(Provided data Opens)

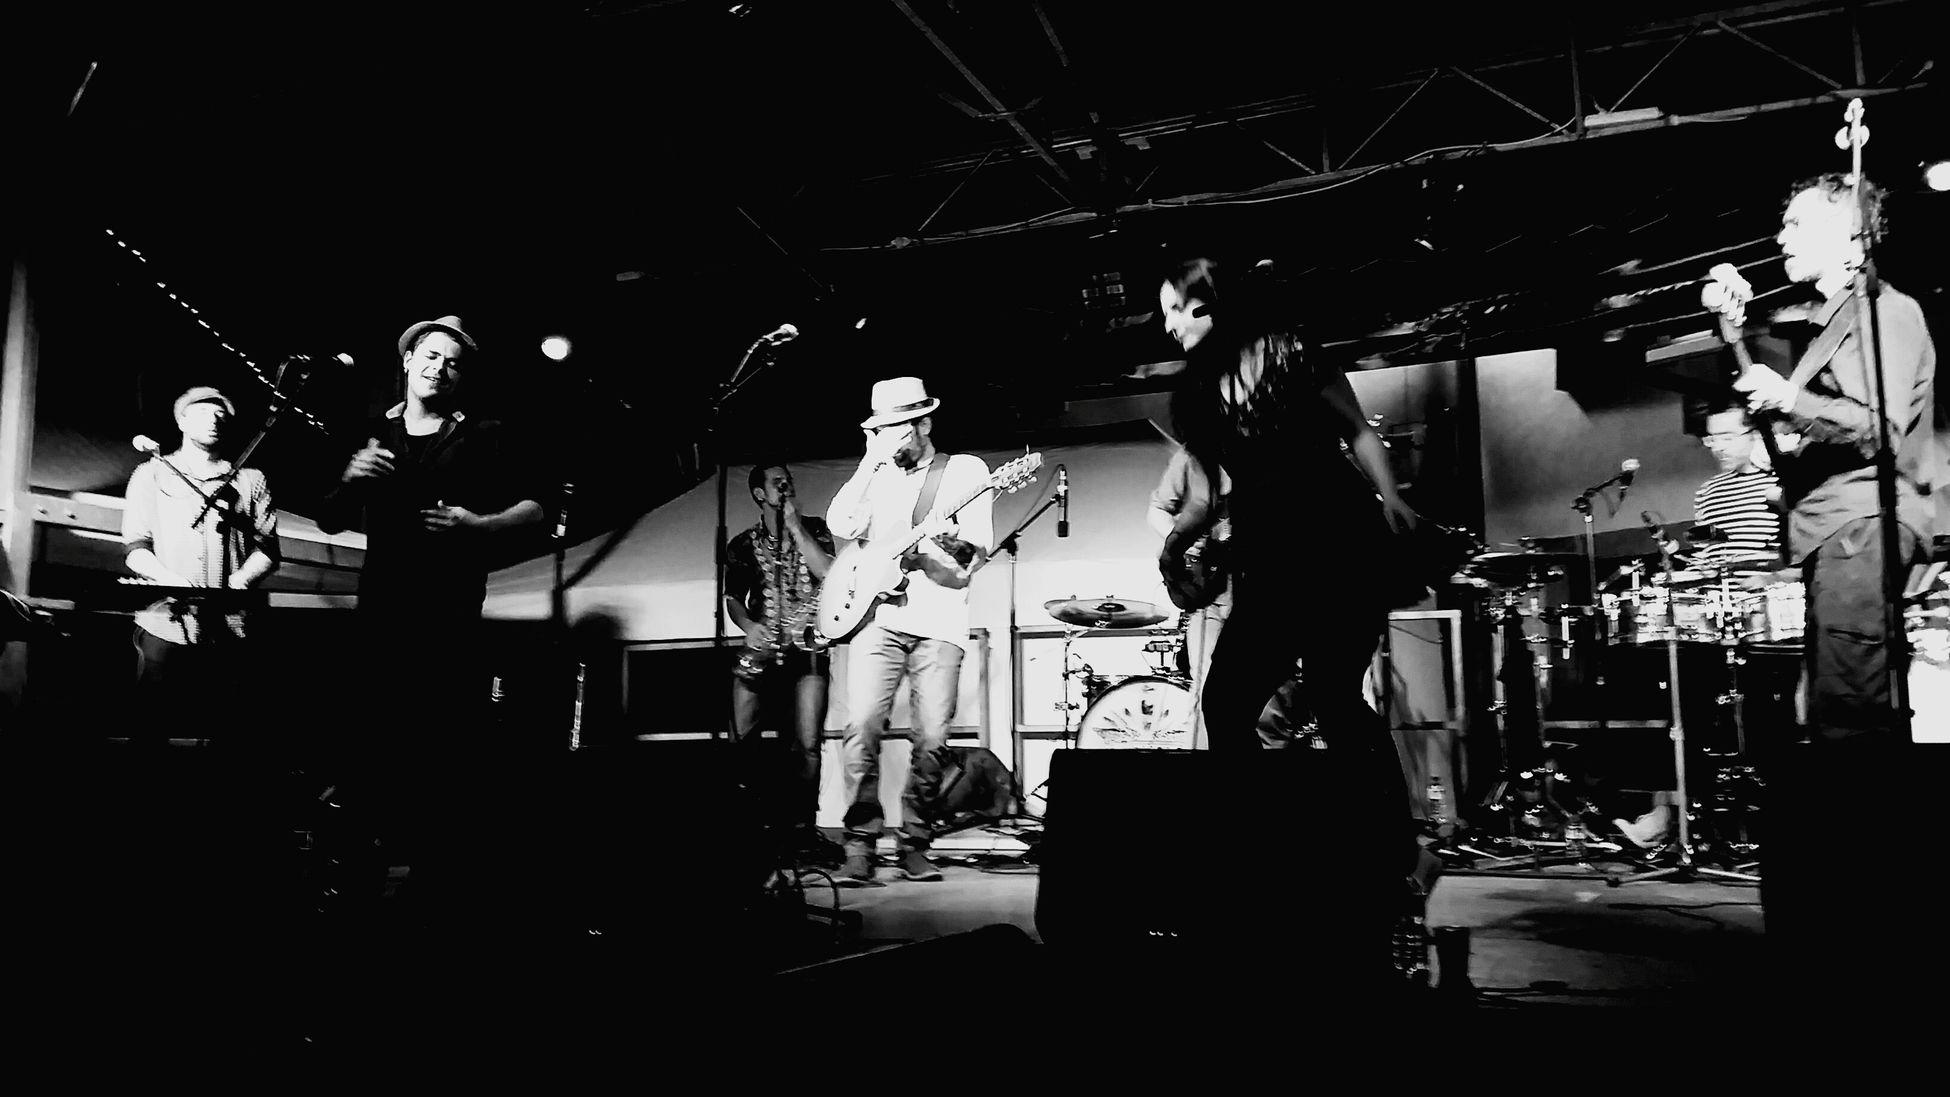 Rock Musician Bonheur Music Performance Enjoying Life Artist Concerts Hautes Alpes Mon Delire My Life ❤ Lasmala Band
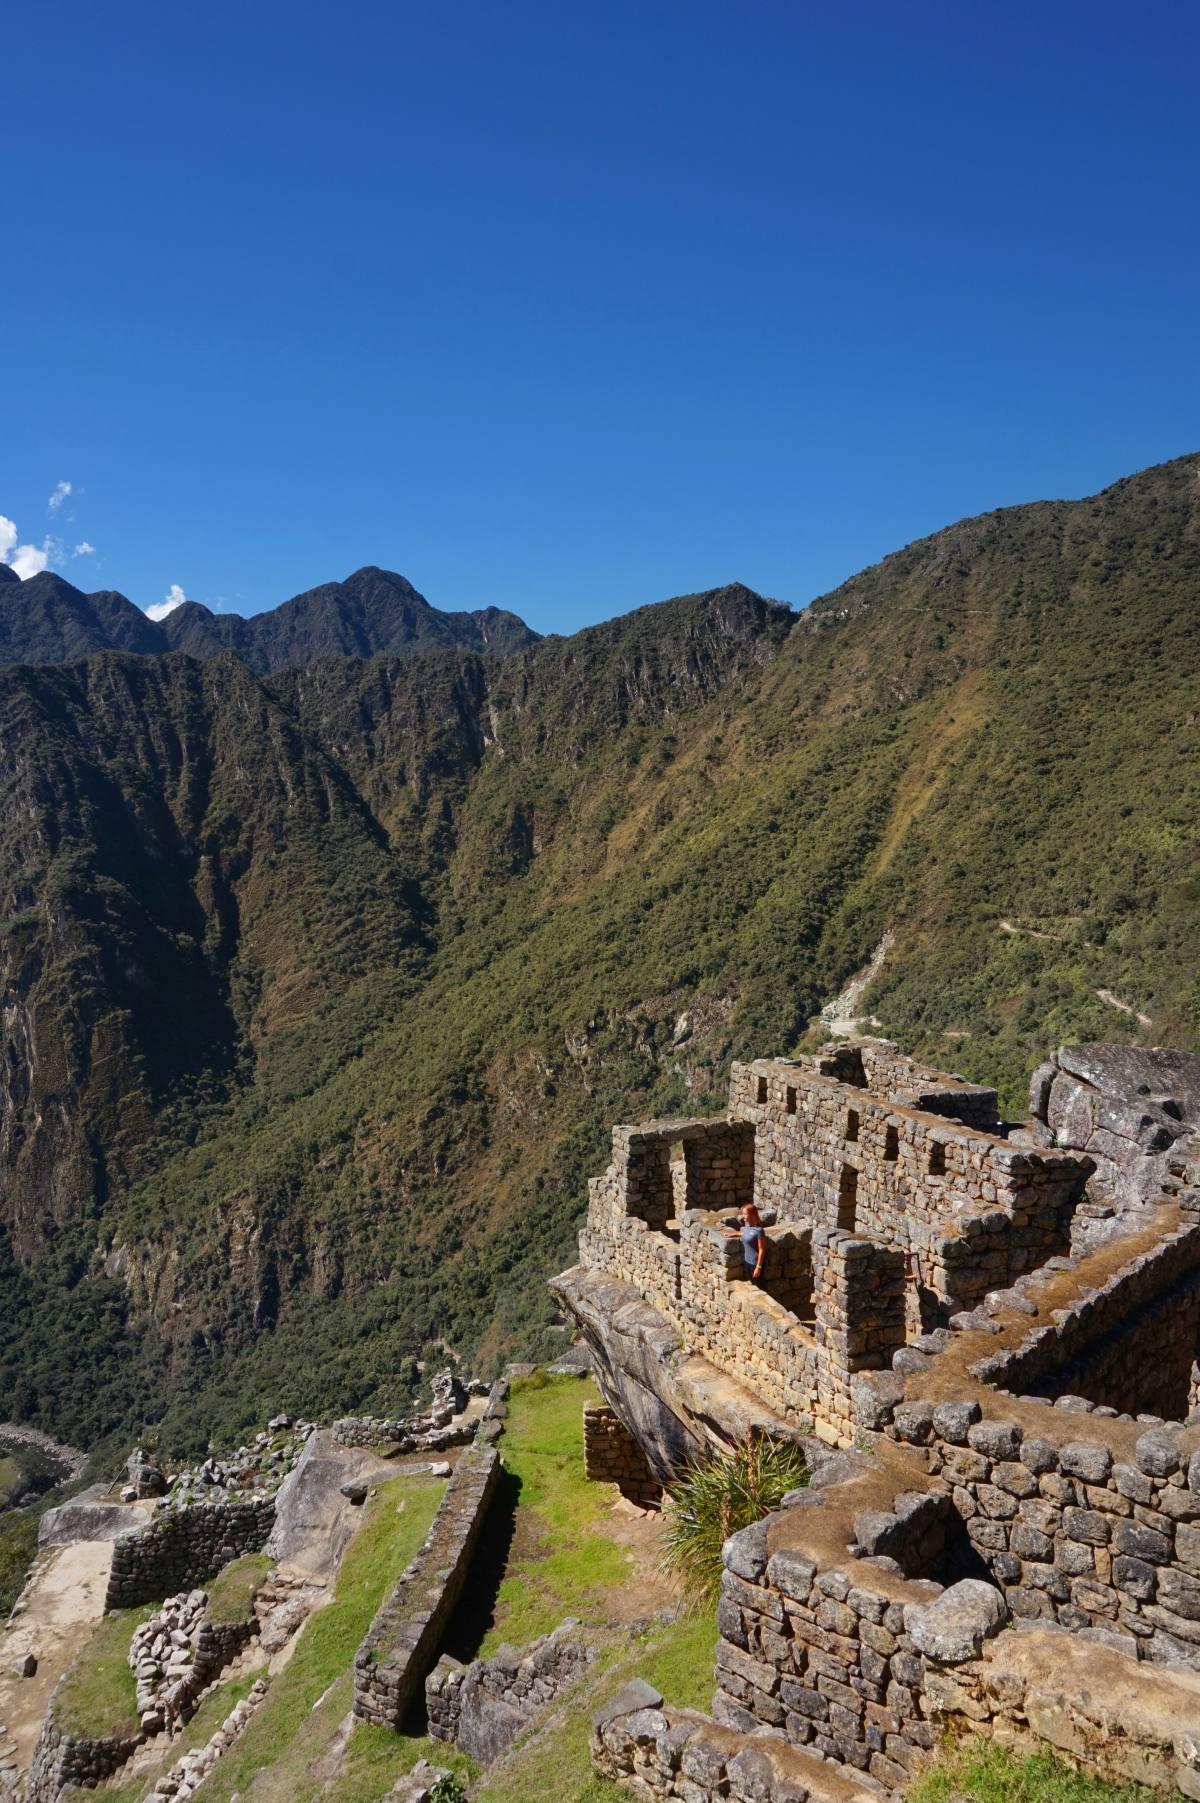 Best Times to Visit Machu Picchu
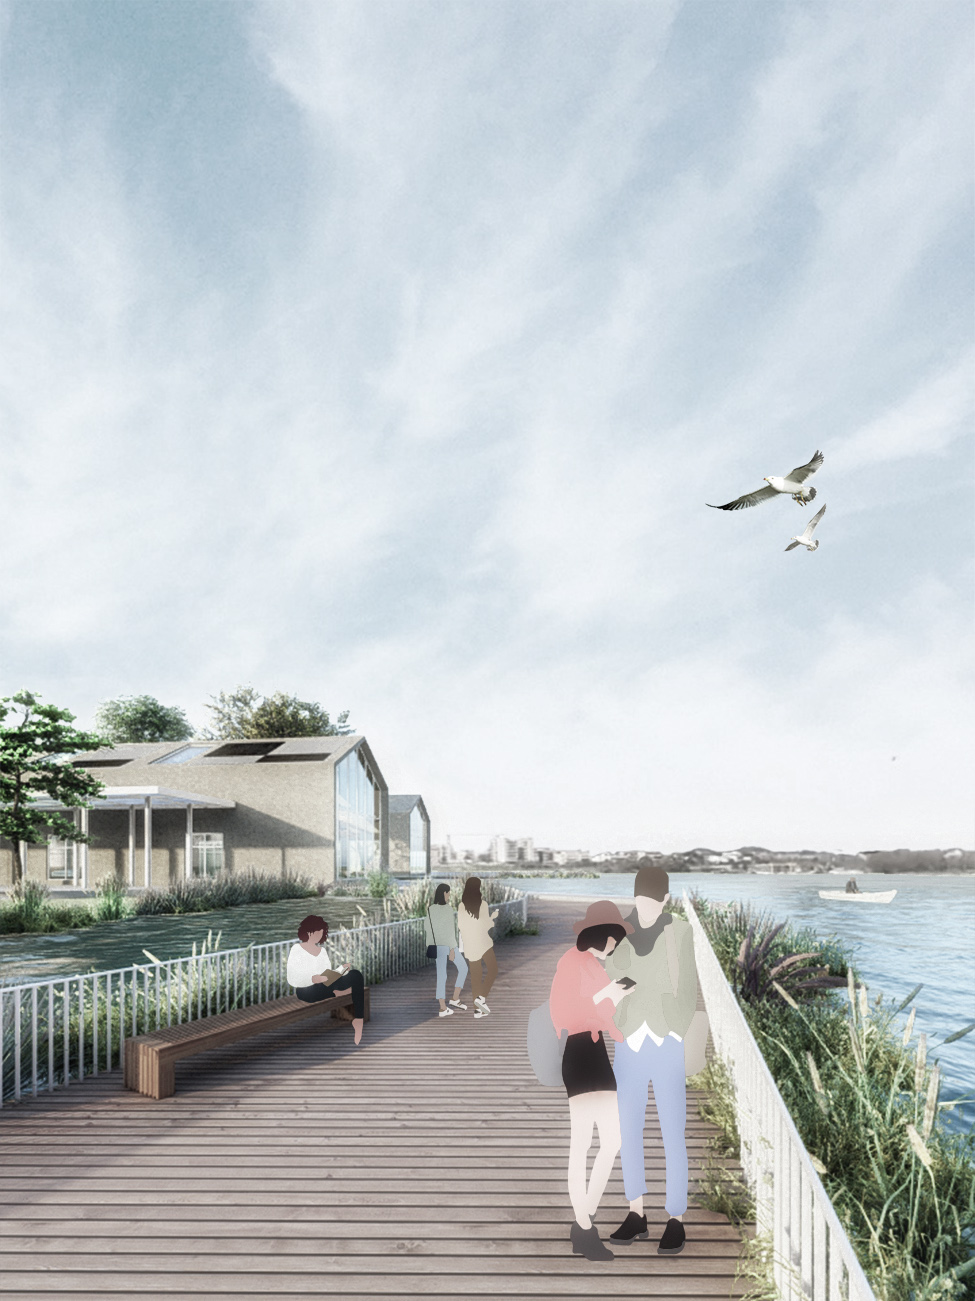 taranto oasi urbana waterfront
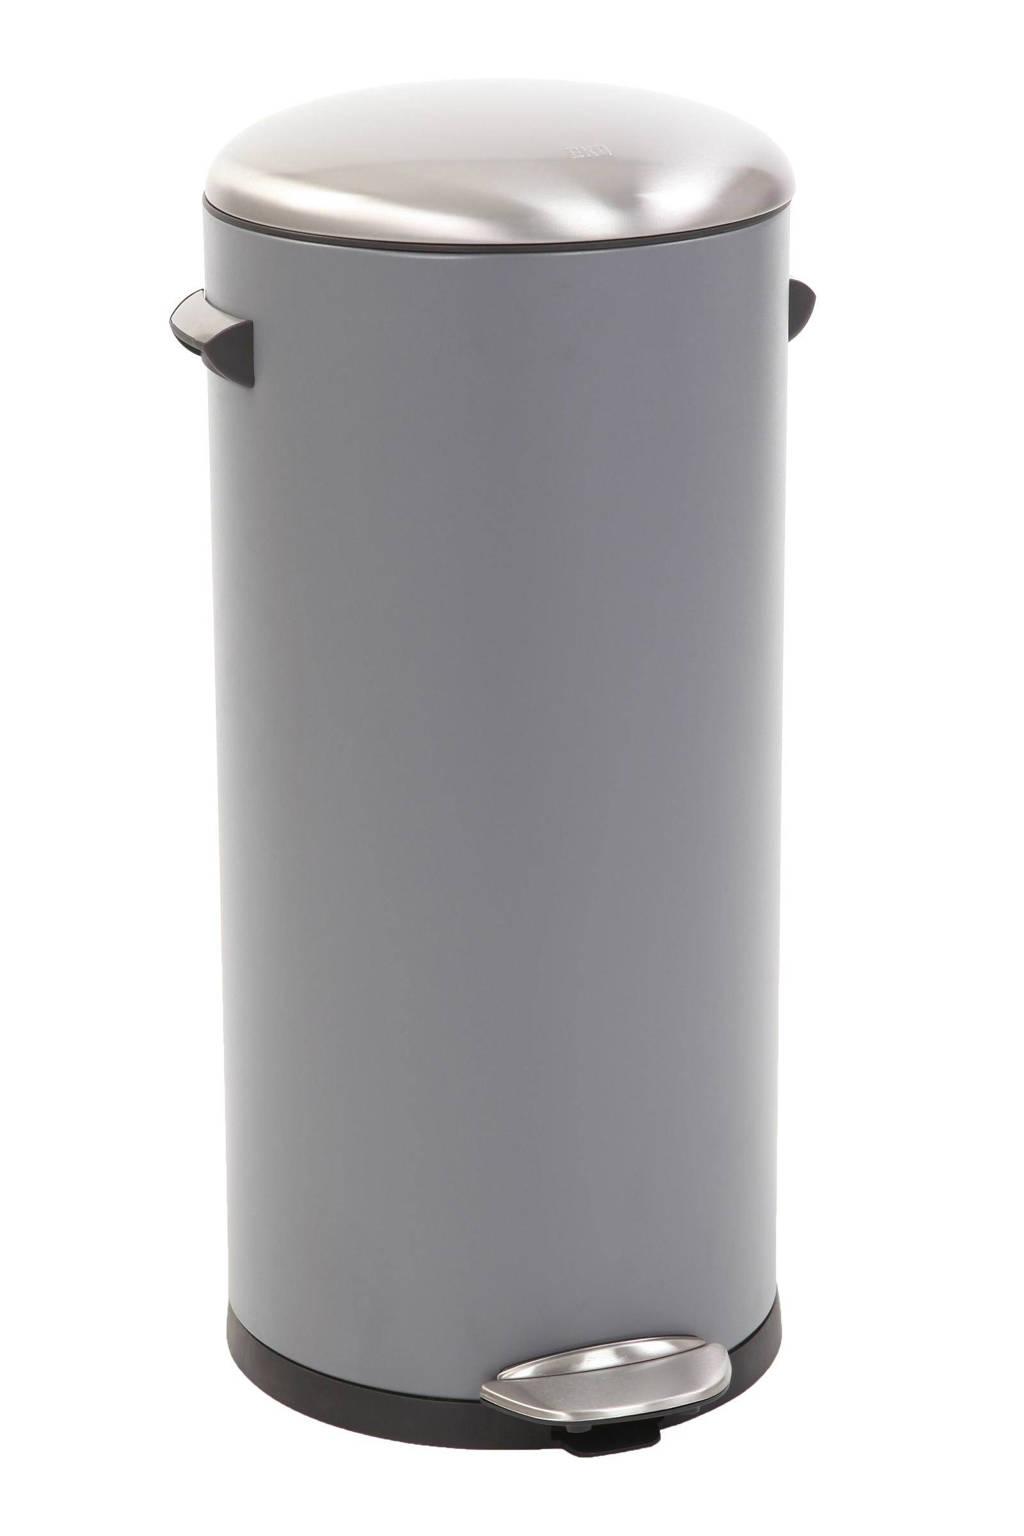 EKO Belle Deluxe Step Bin, 30 liter pedaalemmer, Sandcoated grijs

(Provided data Closes)

▶ [Task prompt]:
Skipping all images, print the data above a second time exactly.

▶ [Result below]:
 Rock Musician Bonheur Music Performance Enjoying Life Artist Concerts Hautes Alpes Mon Delire My Life ❤ Lasmala Band
 Best Times to Visit Machu Picchu
 taranto oasi urbana waterfront
 EKO Belle Deluxe Step Bin, 30 liter pedaalemmer, Sandcoated grijs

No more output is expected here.